И настал по-настоящему великий день когда мы все отправились к Пирамидам Теотихуакана — Сначала снялись у фотографа в центральном парке, Прадо — Мы все стояли там гордые, я и Ирвин и Саймон стоя (сегодня я с изумлением вижу что тогда у меня были широкие плечи), а Рафаэль с Лазом присев на корточки перед нами, как Команда.

Ах грустно. Словно старые фотографии теперь все побуревшие отца моей мамы и его шараги позирующих выпрямившись в Нью-Гемпшире 1890 года — Их усы, свет на их головах — или как старые фотографии которые отыскиваешь на чердаках заброшенных коннектикутских ферм на которых снят ребенок 1860 годов в колыбельке, он уже умер, ты и сам в действительности уже умер — Старого света Коннектикута 1960 года достаточно чтобы выжать из Тома Вулфа слезу что сияет на гордую хлопотливую коричневую потерянную мать младенца — Но наш снимок на самом деле напоминает старые Приятельские Фотографии Гражданской Войны которые делал Томас Брэди,[13] гордые пойманные в объектив Конфедераты свирепо зыркающие на Янки но такие славные что едва ли там есть какой-то гнев, одна лишь старая уитмановская сладость от которой Уитман расплакался почему и пошел в медсестры -

Мы заскакиваем в автобус и громыхая трясемся к Пирамидам, миль 30, 20, мимо мелькают поля пульке — Лазарь лыбится на странных мексиканских Лазарей лыбящихся на него с той же самой божественной невинностью, но карими глазами вместо голубых.

Доехав до места мы шагаем к пирамидам точно так же вразброд, Ирвин и Саймон и я впереди беседуя, Рафаэль сбоку поодаль размышляя, а Лаз в 50 ярдах позади топоча как Франкенштейн. Мы начинаем карабкаться по каменным ступеням Пирамиды Солнца.

Все огнепоклонники поклонялись солнцу, и если они отдавали человека солнцу и съедали сердце этого человека, то ели они Солнце. Это была Пирамида ужасов где жертву перегибали назад над каменной раковиной и вырезали ее бьющееся сердце одним-двумя движениями сердцедера, поднимали сердце к солнцу, и съедали его. Чудовища а не жрецы недостаточно хеповые даже для чучел. (Сегодня в современной Мексике детишки едят на День Всех Святых конфетные сердечки и черепа).

Ваше огородное пугало в Индиане есть старая фантазия Тора.

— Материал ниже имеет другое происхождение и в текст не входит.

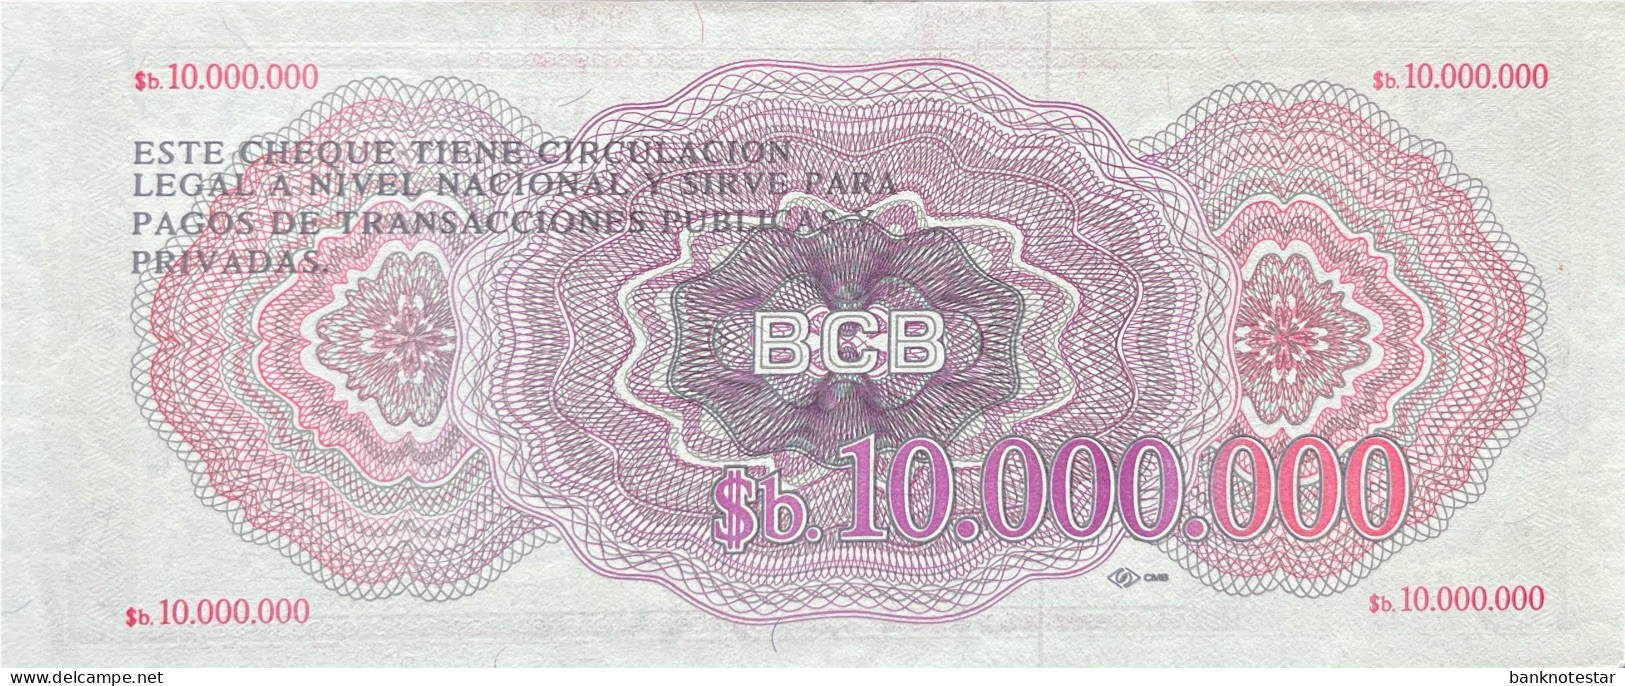 Bolivia 10.000.000 Pesos Bolivianos, P-192B (D.1985) - B0000303 - UNC - RARE - Bolivien

Когда мы забираемся на вершину Пирамиды я зажигаю сигарету с марихуаной чтоб все смогли исследовать свои инстинкты по поводу этого места. Лазарь простер руки к солнцу, прямо вверх, хоть мы и не говорили ему что происходило тут наверху, или что нужно делать. Хоть он и выглядел олухом за этим занятием я понял что знает он больше чем любой из нас.

Не говоря уже о вашем пасхальном кролике…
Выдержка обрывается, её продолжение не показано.